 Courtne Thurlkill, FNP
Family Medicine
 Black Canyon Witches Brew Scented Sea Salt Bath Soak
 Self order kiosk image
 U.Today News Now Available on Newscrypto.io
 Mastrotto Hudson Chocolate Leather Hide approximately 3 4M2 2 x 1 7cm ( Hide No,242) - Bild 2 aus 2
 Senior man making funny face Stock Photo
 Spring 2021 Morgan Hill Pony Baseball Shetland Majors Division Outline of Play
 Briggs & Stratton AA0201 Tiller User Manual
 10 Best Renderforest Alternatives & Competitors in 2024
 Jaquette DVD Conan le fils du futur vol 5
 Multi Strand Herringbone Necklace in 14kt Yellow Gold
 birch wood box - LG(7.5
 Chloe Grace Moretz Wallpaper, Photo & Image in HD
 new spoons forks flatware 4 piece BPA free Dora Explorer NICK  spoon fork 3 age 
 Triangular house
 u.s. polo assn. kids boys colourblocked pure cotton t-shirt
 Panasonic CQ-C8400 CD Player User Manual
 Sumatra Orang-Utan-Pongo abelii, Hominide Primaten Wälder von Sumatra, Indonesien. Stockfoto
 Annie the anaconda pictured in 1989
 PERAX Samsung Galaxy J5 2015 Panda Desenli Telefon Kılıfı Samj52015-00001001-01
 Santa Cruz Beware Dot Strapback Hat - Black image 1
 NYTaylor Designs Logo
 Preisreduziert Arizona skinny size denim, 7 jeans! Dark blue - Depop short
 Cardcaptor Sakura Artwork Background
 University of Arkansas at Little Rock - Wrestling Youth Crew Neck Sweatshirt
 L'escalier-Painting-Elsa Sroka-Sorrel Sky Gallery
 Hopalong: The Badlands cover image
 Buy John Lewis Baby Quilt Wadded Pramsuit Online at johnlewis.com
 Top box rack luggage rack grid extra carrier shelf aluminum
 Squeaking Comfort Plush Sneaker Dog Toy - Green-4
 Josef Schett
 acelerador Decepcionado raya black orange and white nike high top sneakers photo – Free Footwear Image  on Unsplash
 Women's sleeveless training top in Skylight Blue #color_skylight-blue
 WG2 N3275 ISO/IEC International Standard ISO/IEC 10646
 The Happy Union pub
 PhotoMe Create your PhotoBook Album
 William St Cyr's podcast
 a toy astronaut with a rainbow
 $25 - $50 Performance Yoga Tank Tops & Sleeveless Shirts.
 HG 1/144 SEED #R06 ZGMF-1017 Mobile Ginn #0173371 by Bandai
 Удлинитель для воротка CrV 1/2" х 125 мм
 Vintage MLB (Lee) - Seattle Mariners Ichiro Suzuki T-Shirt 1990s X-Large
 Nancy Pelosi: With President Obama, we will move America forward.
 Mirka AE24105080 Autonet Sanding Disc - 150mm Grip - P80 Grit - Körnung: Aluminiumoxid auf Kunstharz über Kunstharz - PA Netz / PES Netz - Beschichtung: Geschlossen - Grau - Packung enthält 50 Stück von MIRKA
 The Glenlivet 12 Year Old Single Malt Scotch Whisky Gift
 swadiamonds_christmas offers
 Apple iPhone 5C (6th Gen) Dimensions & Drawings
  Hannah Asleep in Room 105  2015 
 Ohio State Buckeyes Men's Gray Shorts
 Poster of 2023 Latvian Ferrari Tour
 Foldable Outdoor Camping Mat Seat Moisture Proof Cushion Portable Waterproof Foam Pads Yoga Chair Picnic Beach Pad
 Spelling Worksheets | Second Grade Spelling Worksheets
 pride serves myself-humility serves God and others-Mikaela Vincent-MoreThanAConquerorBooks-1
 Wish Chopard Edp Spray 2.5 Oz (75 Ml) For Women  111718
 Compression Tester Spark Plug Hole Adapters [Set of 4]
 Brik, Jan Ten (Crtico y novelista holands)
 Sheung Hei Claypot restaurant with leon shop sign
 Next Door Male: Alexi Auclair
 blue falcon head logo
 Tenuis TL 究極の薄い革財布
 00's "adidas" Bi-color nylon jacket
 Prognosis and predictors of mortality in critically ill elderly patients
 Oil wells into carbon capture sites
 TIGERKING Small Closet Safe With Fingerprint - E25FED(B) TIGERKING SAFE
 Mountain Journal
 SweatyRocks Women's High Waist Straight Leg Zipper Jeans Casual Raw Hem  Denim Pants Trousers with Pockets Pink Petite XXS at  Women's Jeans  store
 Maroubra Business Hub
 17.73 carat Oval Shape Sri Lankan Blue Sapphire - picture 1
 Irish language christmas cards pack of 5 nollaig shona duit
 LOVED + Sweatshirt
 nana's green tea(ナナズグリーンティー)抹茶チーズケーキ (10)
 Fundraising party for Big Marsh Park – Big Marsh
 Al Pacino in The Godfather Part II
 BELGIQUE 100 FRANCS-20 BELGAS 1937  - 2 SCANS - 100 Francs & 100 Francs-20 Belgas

→ **Try it**
Check each line of the material above for "Women" and say how many lines contain it, giving the number alone.

→ **Answer space**
3